This might be trivial question. But as I am working on a DB that was created by others long time ago, no proper documentation or comments included, I came a cross a critical question, I need to know how data is being inserted into certain table? Is there any script or other methods that can identify the data source. In other words, I need to know whether data is inserted via some procedure, function, manually ... etc. I cannot search all procedures or functions, they are hundreds. I am using SQL developer and it's oracle 11g DB.
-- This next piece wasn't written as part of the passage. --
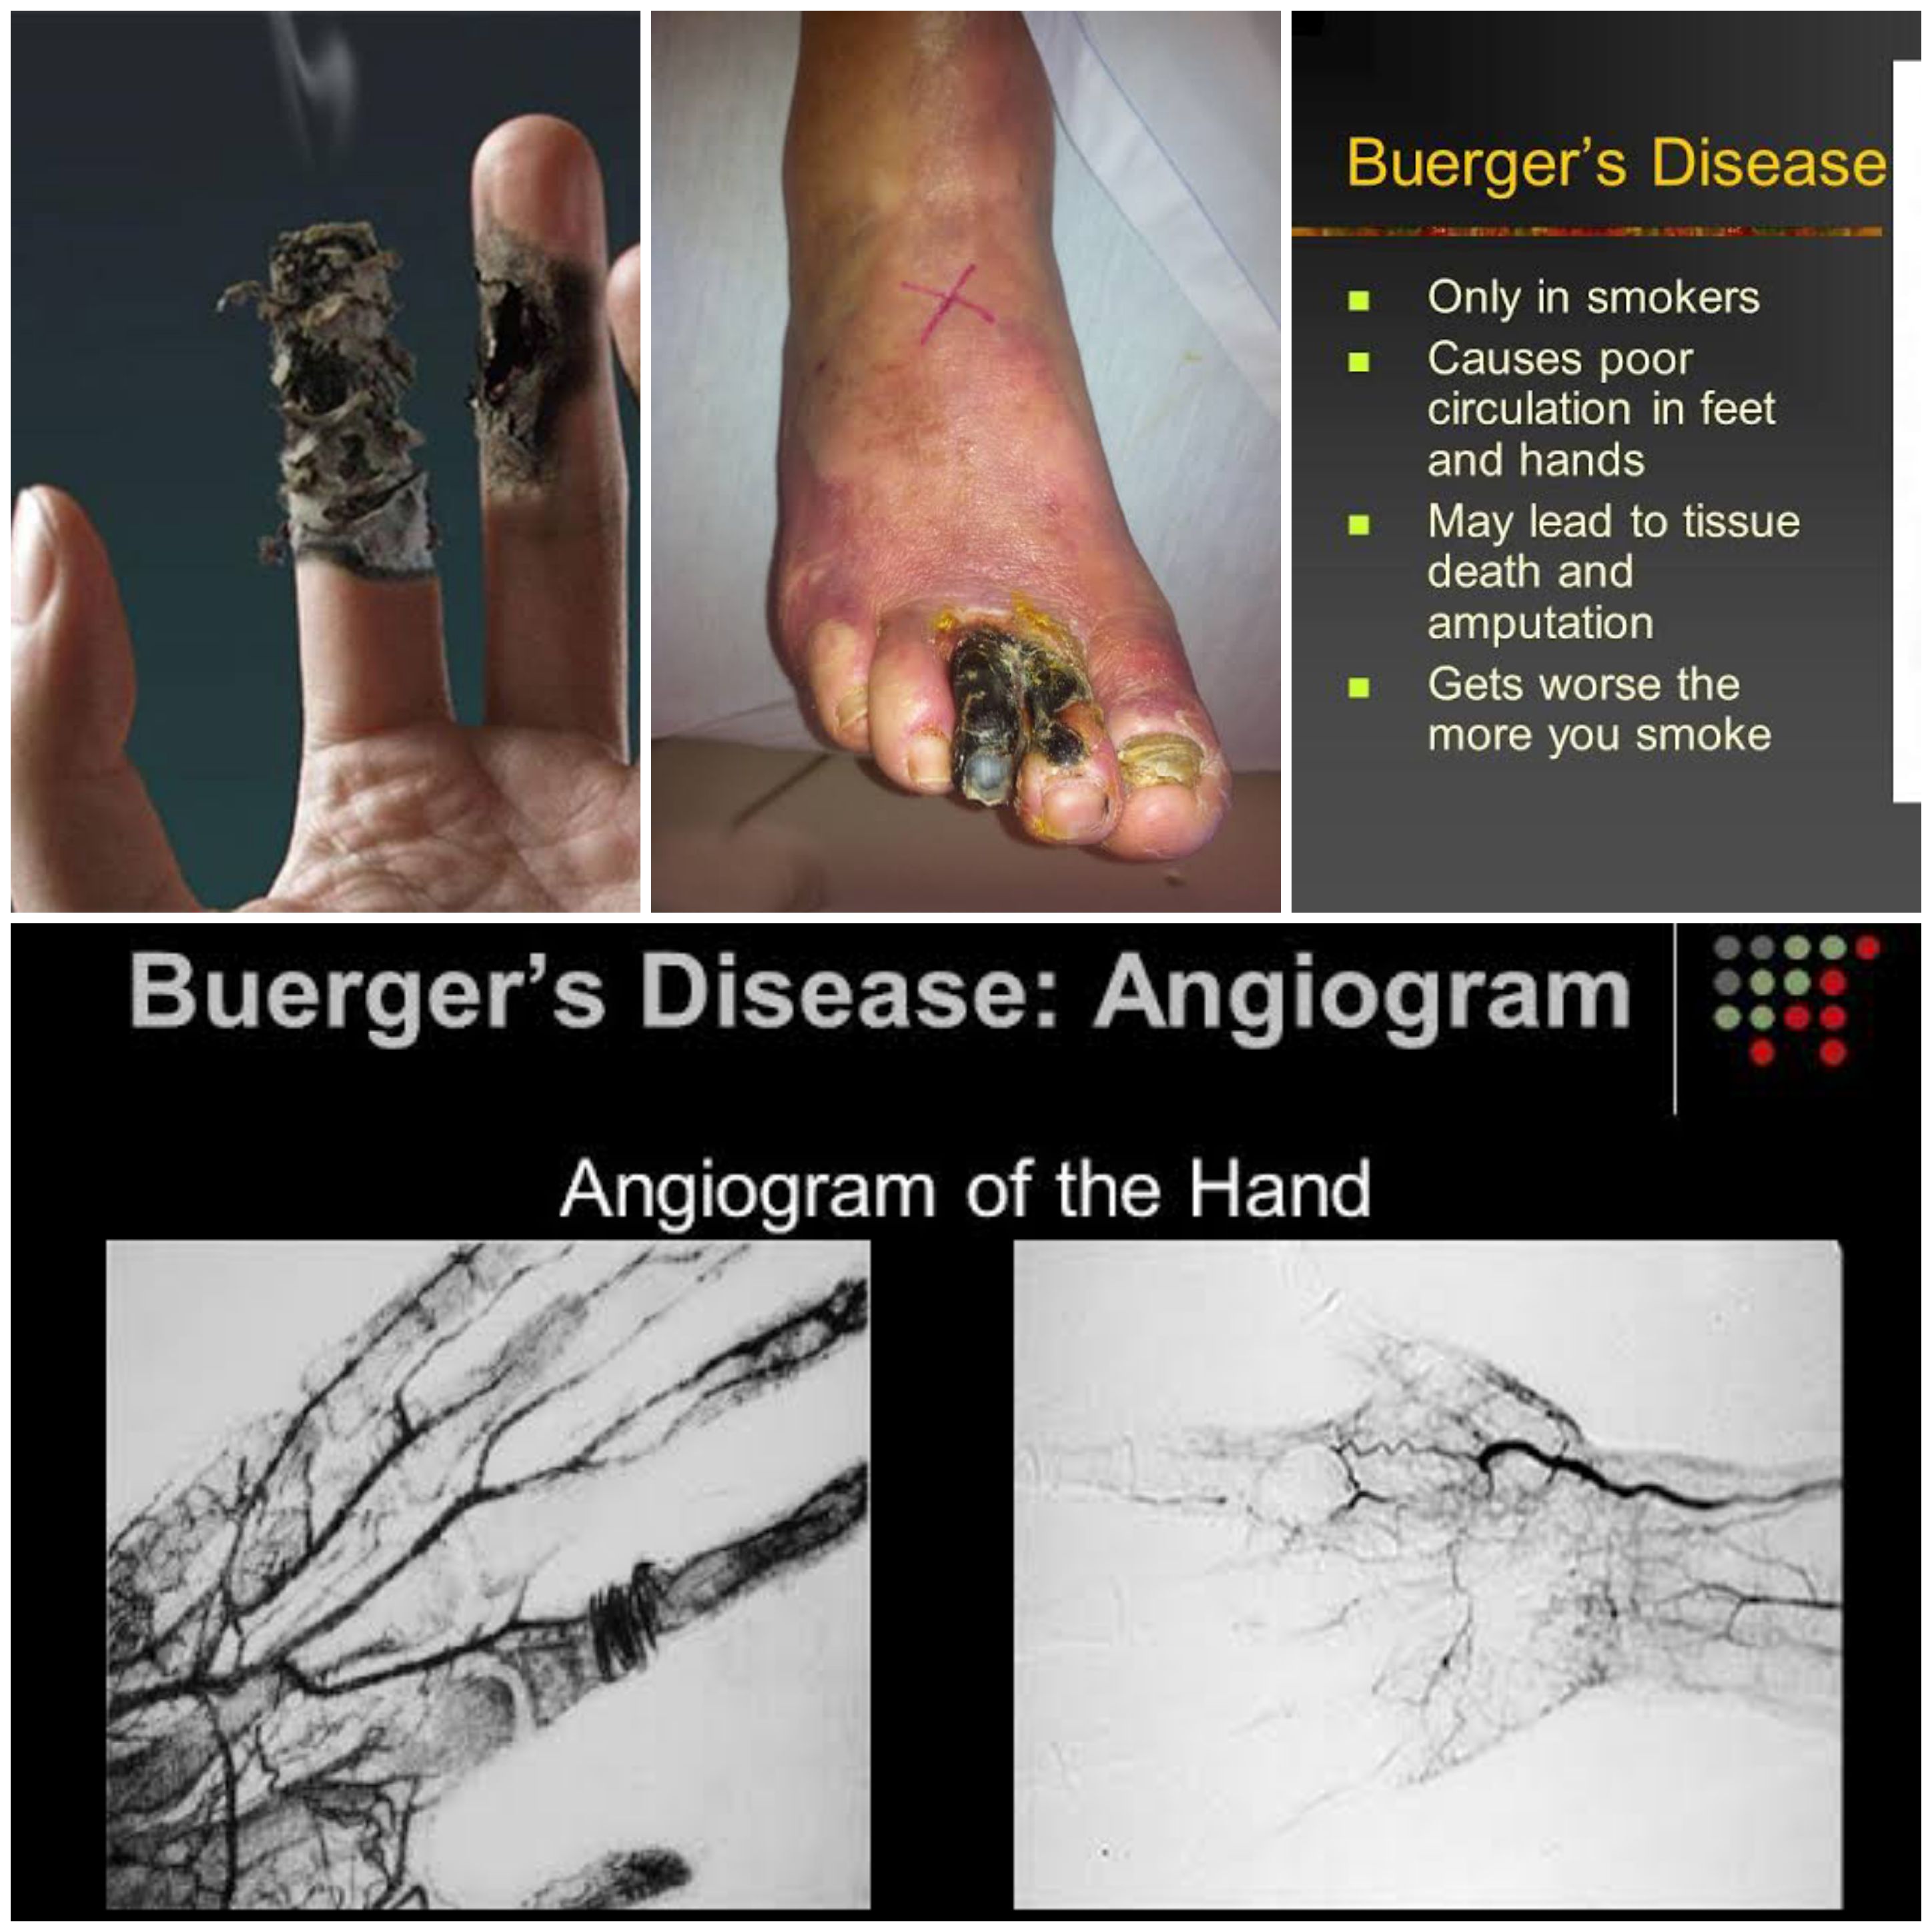 Buergers disease treatment.jpg

No there is no such script through which you can determine the source of the data for your table. The best I can think of is that you can filter all the stored procedures where your table is referenced
SELECT *
FROM dba_dependencies
WHERE referenced_owner = 'SCOTT'
AND referenced_name = 'YOUR_TABLE_NAME'
AND referenced_type = 'TABLE'
or you can use this script
SELECT *
FROM dba_source
WHERE UPPER(text) LIKE '%YOUR_TABLE_NAME%';
This will filter out all the stored procs/triggers/other db code in which your table is referenced then you have to check in which code your insert
statement is used.
Adding a trigger on the table that logs the PL/SQL call stack with dbms_utility.format_call_stack()
might give you the information you need; here's an example that logs all inserts into the INS_TEST
table (the log is contained in INS_LOG
):
create table ins_test (pk number not null primary key);
create table ins_log(pk number not null primary key,
text varchar2(4000));
create sequence seq_ins;
create sequence seq_log;
create or replace trigger tr_air_ins_test after insert on ins_test
for each row
begin
insert into ins_log(pk, text) values (
seq_log.nextval,
dbms_utility.format_call_stack
);
end;
create or replace procedure proc1 as
begin
insert into ins_test values (seq_ins.nextval);
end;
create or replace procedure proc2 as
begin
insert into ins_test values (seq_ins.nextval);
end;
begin
proc1;
proc2;
end;
insert into ins_test values (seq_ins.nextval);
But before using this, you should run the SQL statements suggested by R.T. - it's easier and doesn't impact your database and might be sufficient.